> [Activity]
Keep every word of the listing and reproduce it exactly, but set aside any image found there.

> [Information shown]
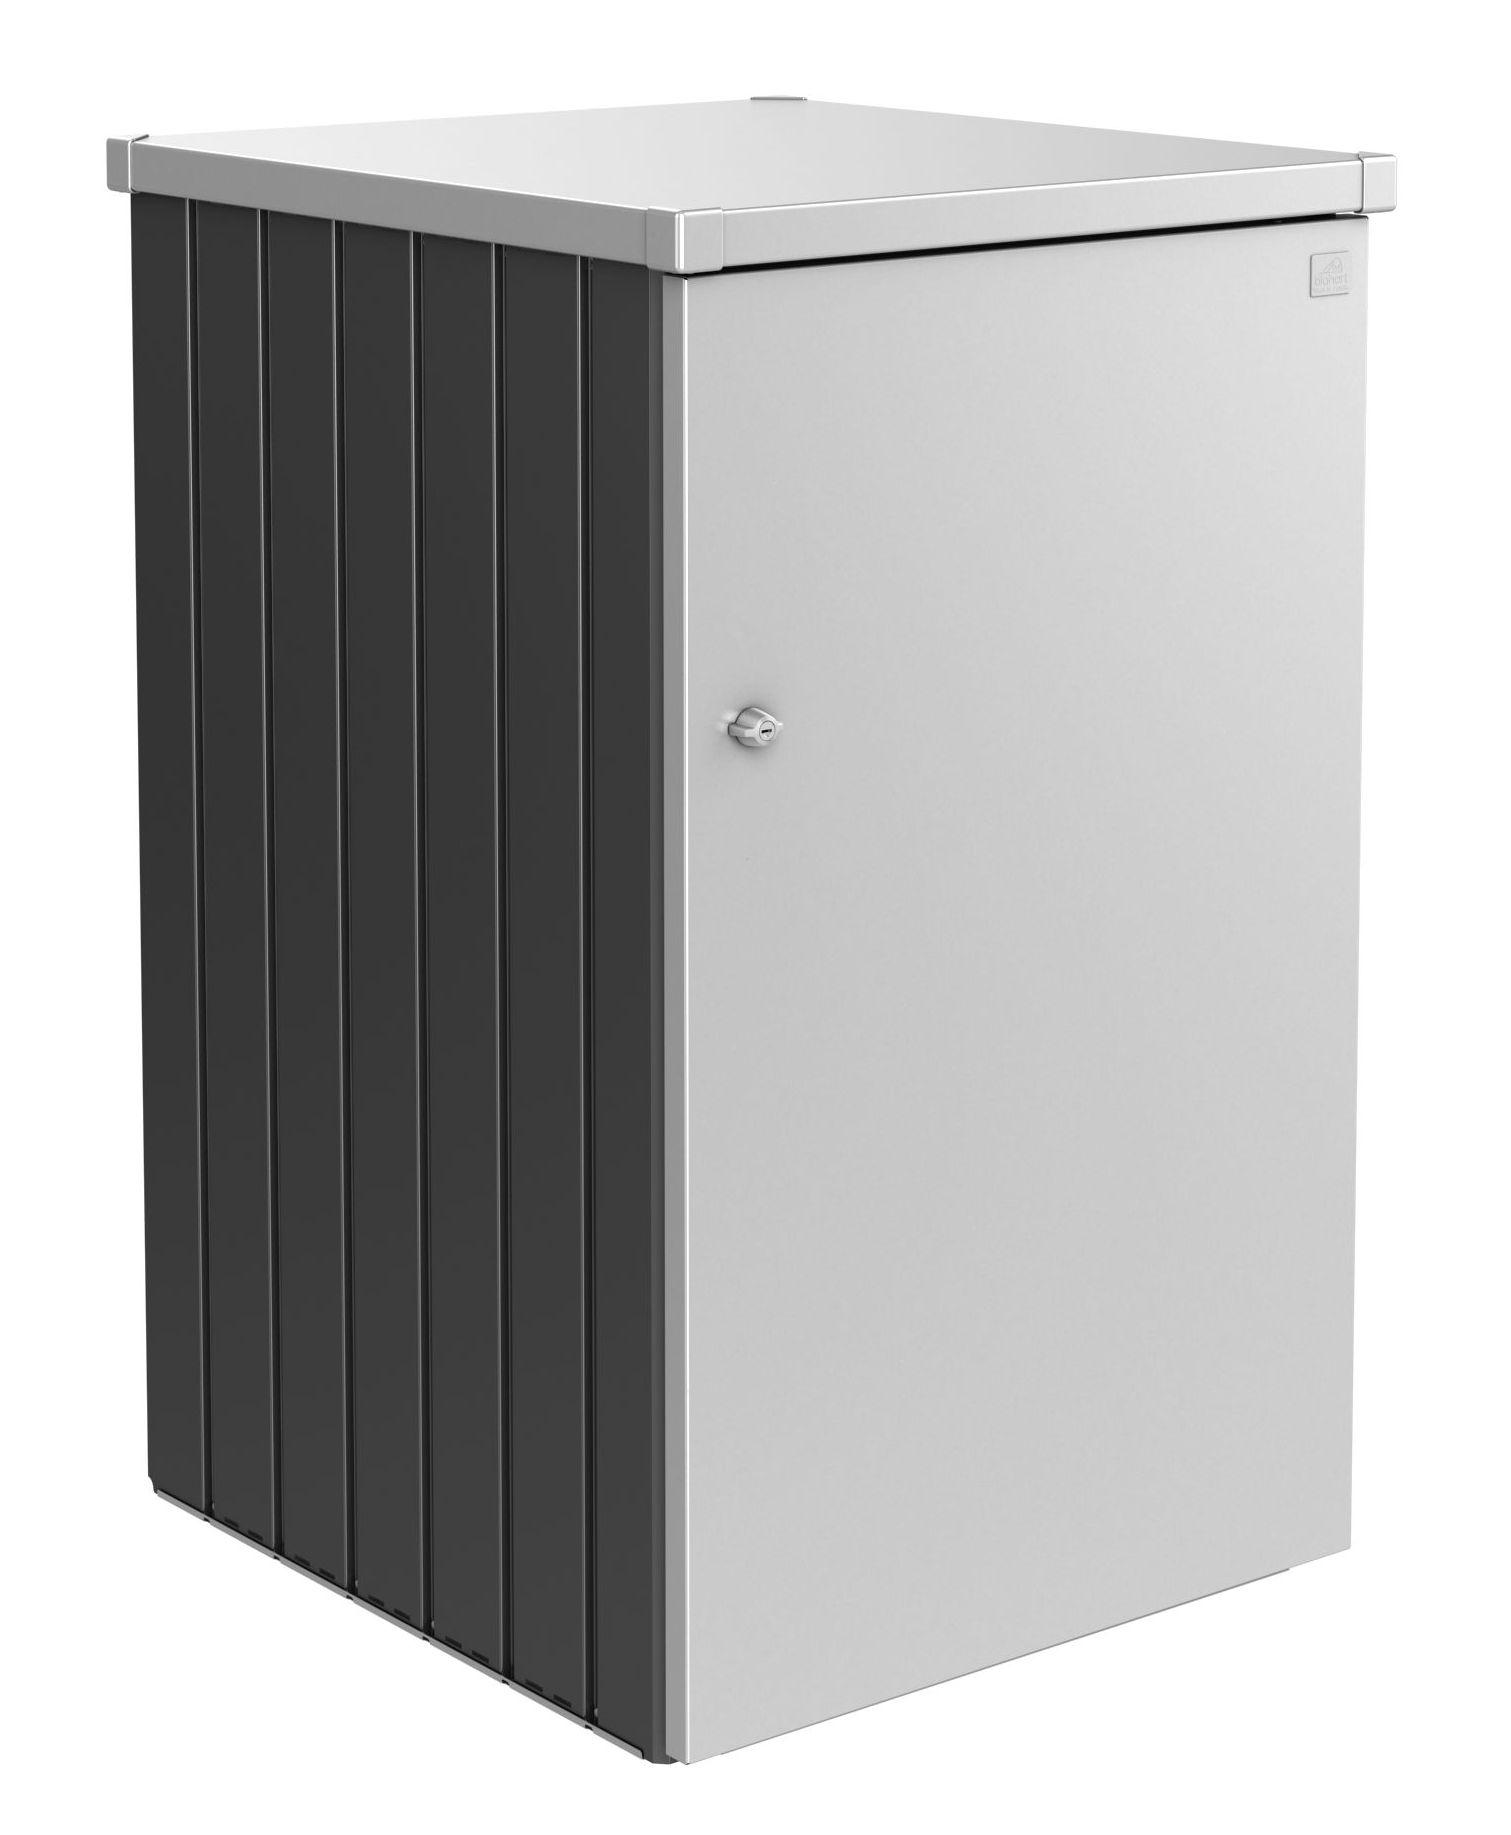 Biohort Box na popelnici Alex 3.1, tmavě šedá metalíza/stříbrná metalíza
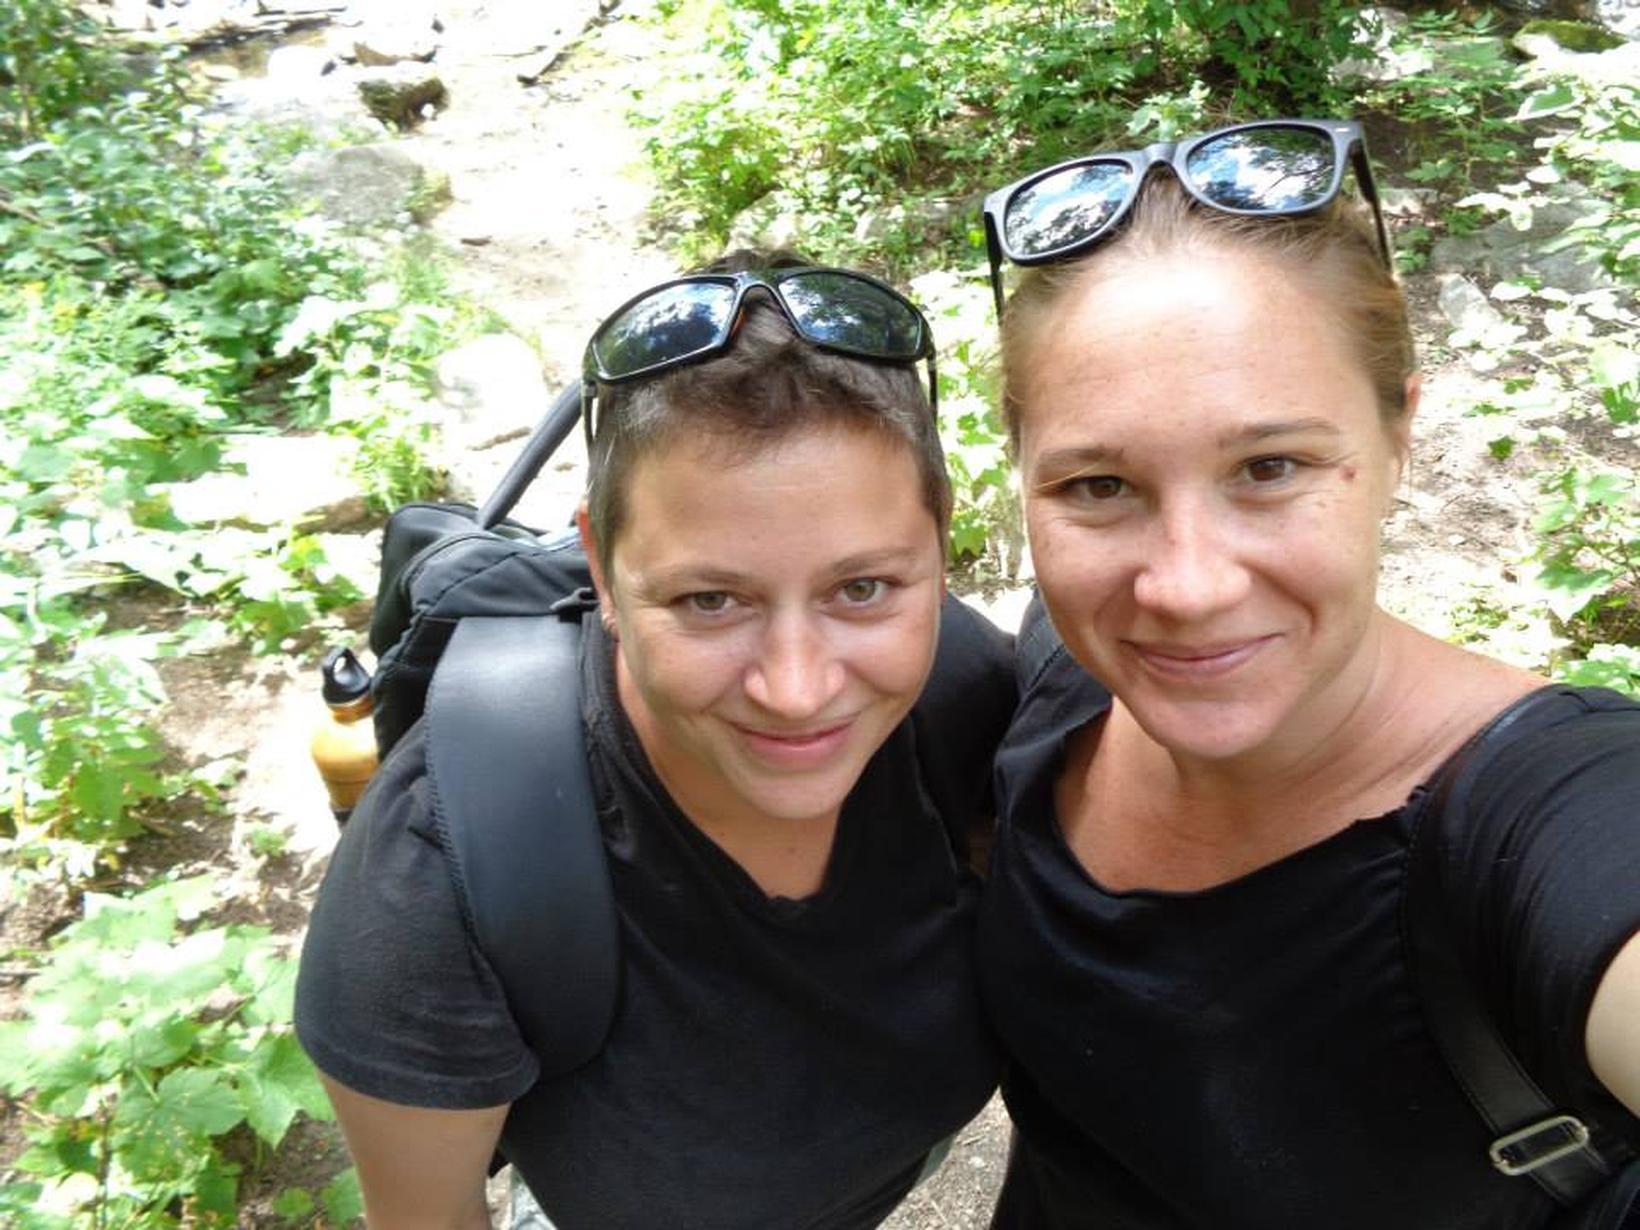 Kristen & Dora from Sihanoukville, Cambodia
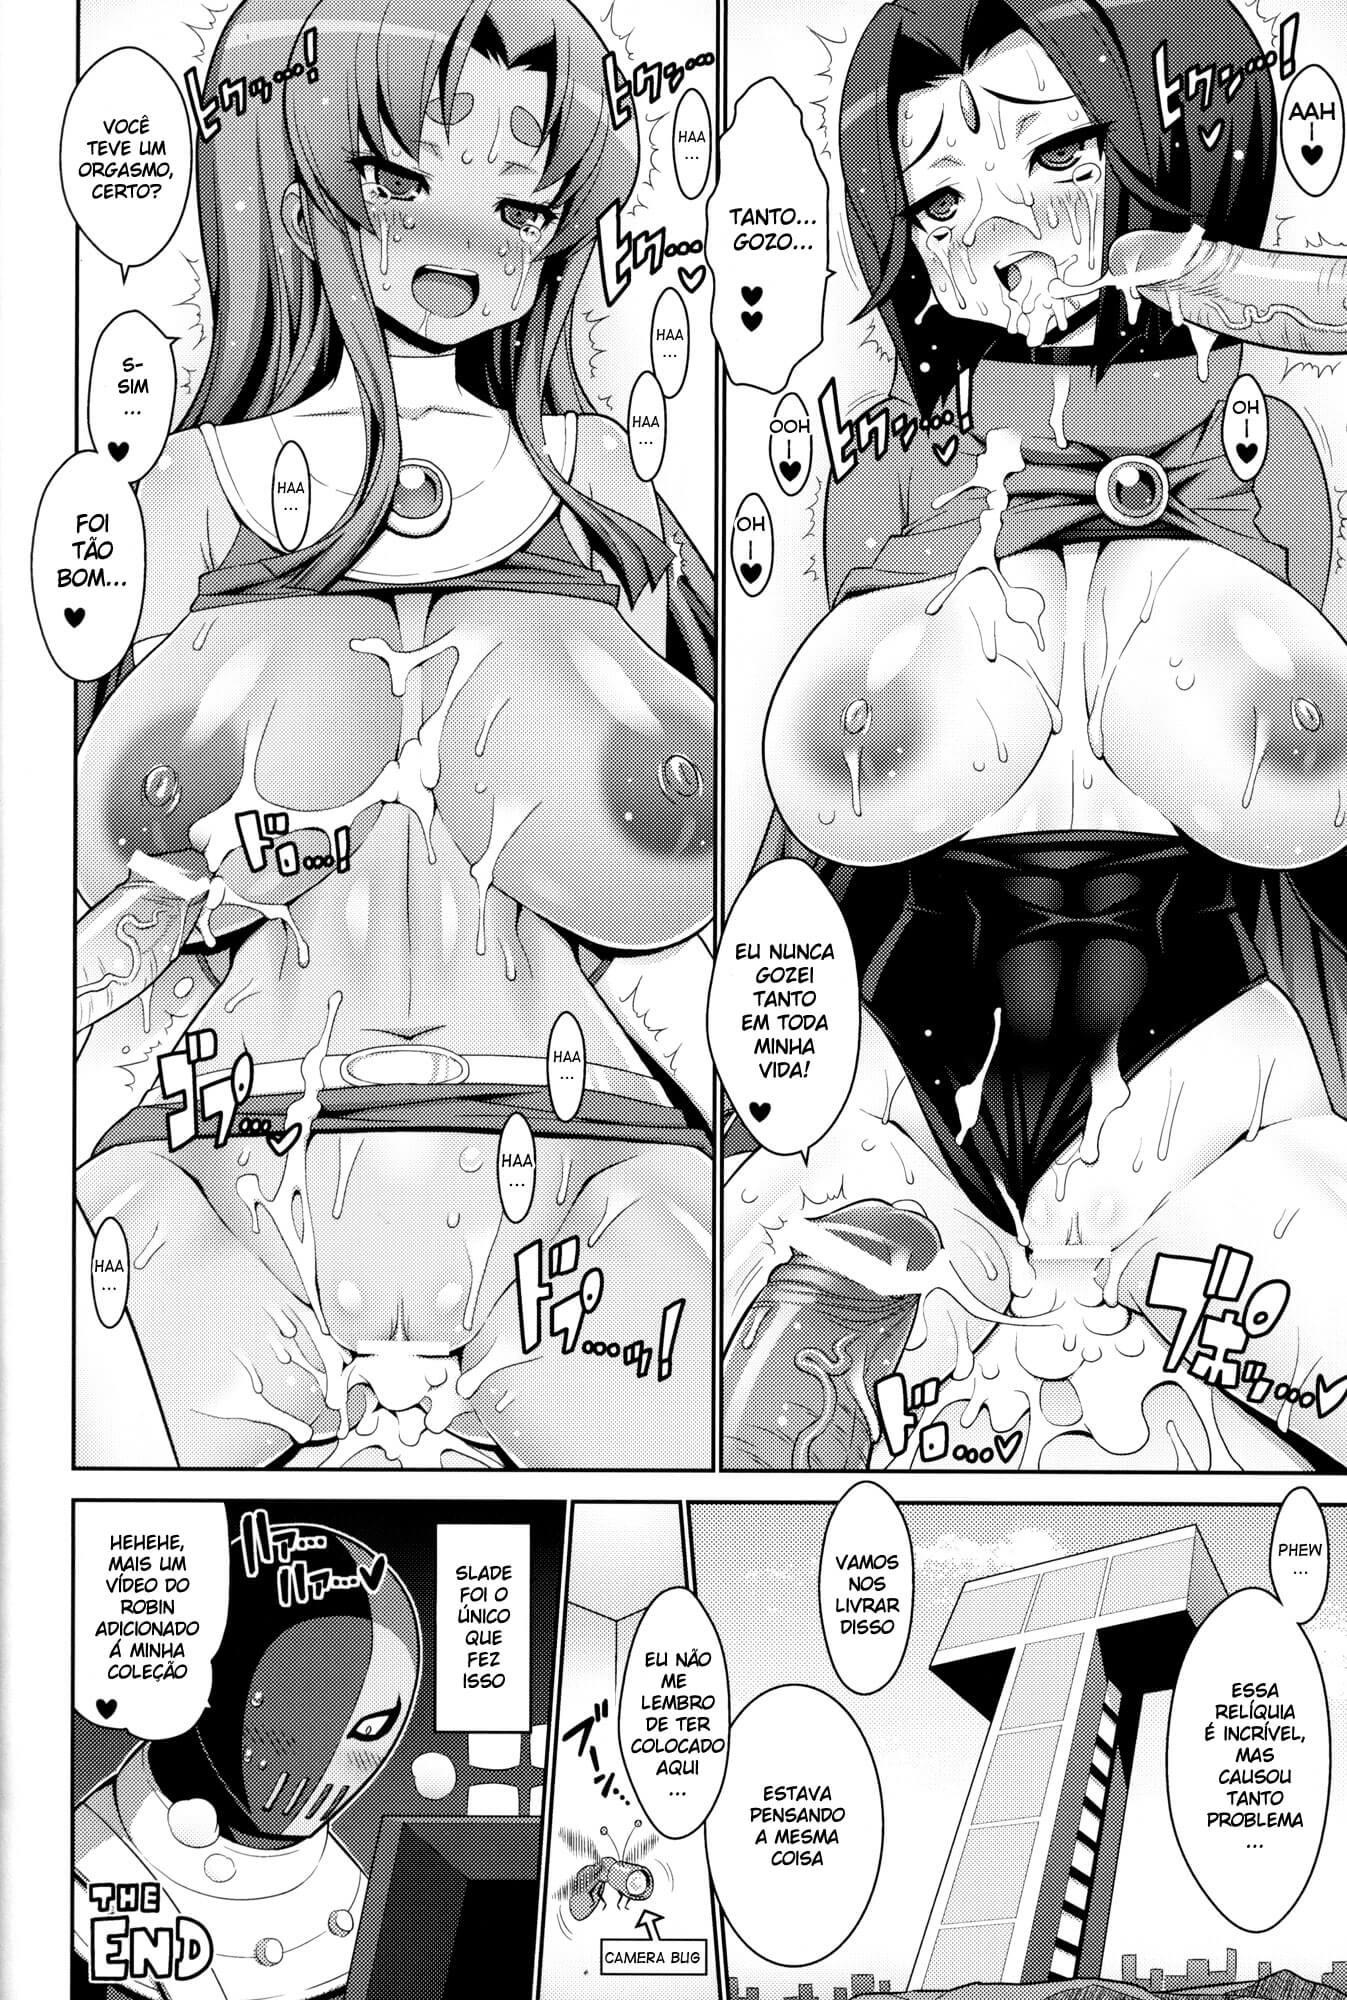 Estelar-e-Ravena-precisa-sentir-orgasmo-17
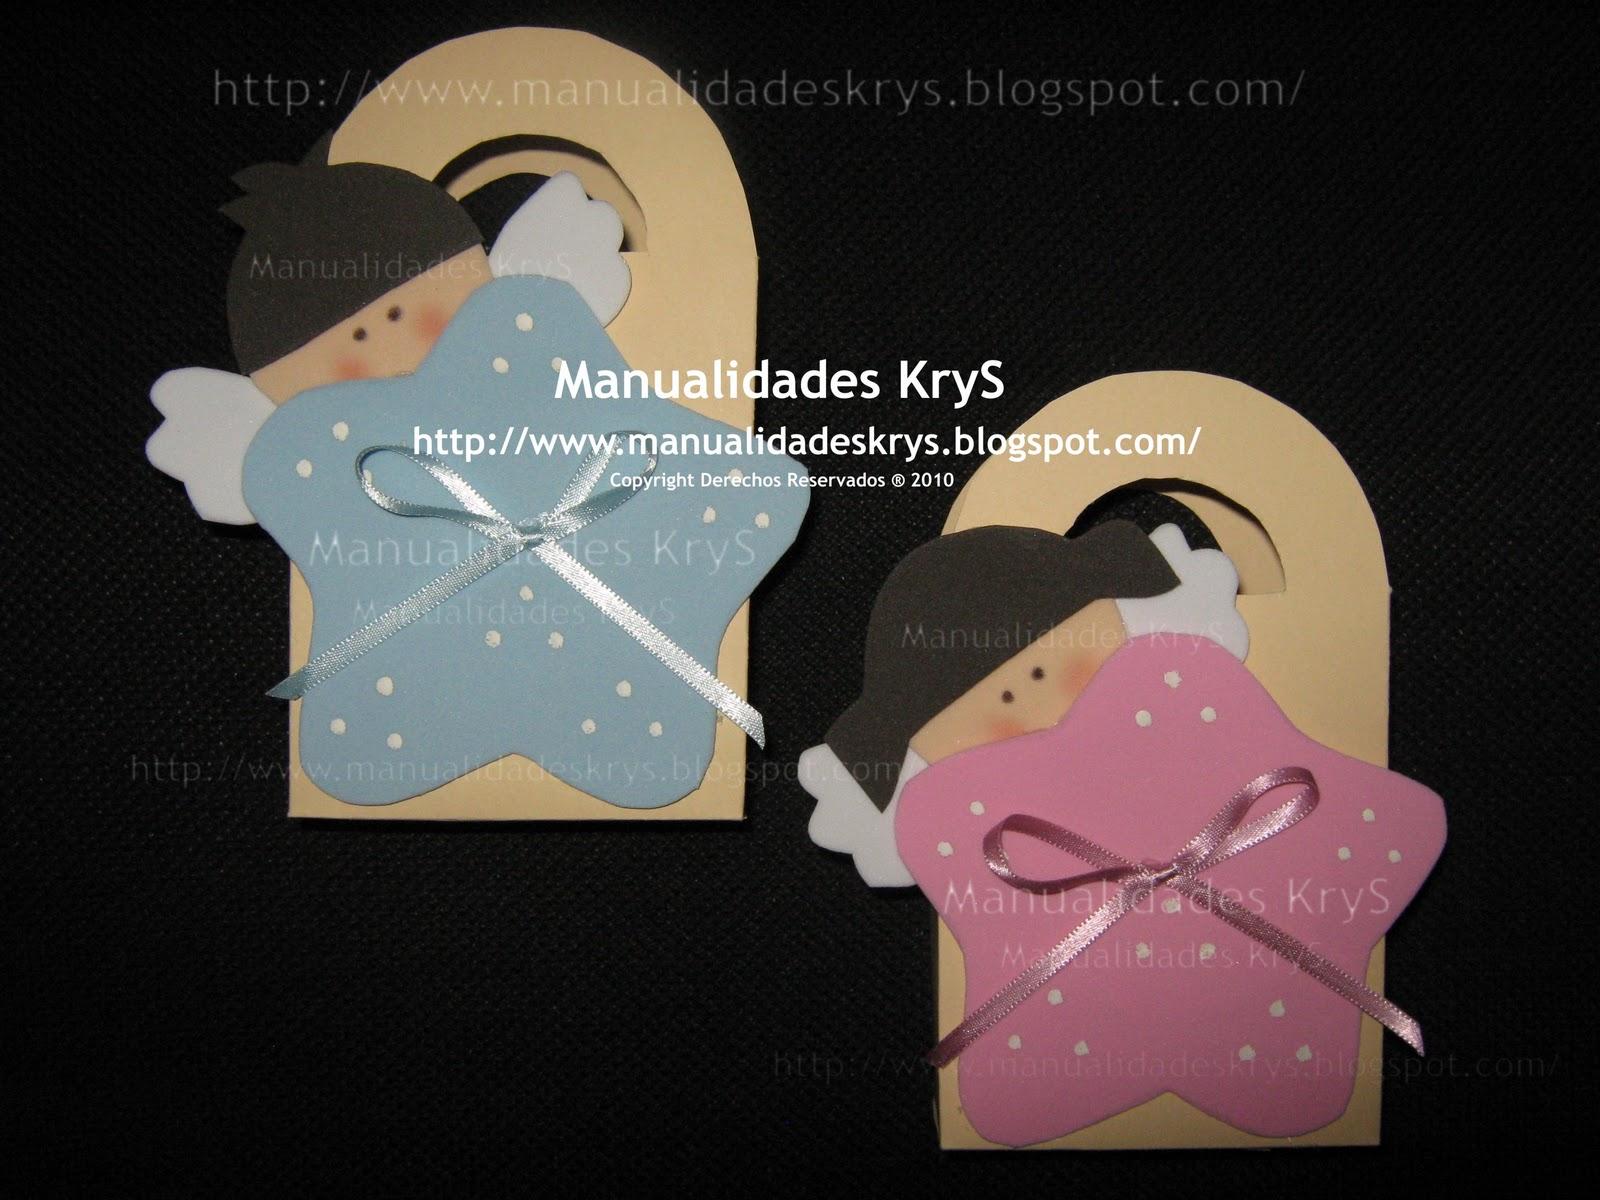 Manualidades krys baby shower y bautizo for Recuerdos para bautizo nina

> [Solution to this exercise]
 Biohort Box na popelnici Alex 3.1, tmavě šedá metalíza/stříbrná metalíza
 Kristen & Dora from Sihanoukville, Cambodia
 Estelar-e-Ravena-precisa-sentir-orgasmo-17
 Manualidades krys baby shower y bautizo for Recuerdos para bautizo nina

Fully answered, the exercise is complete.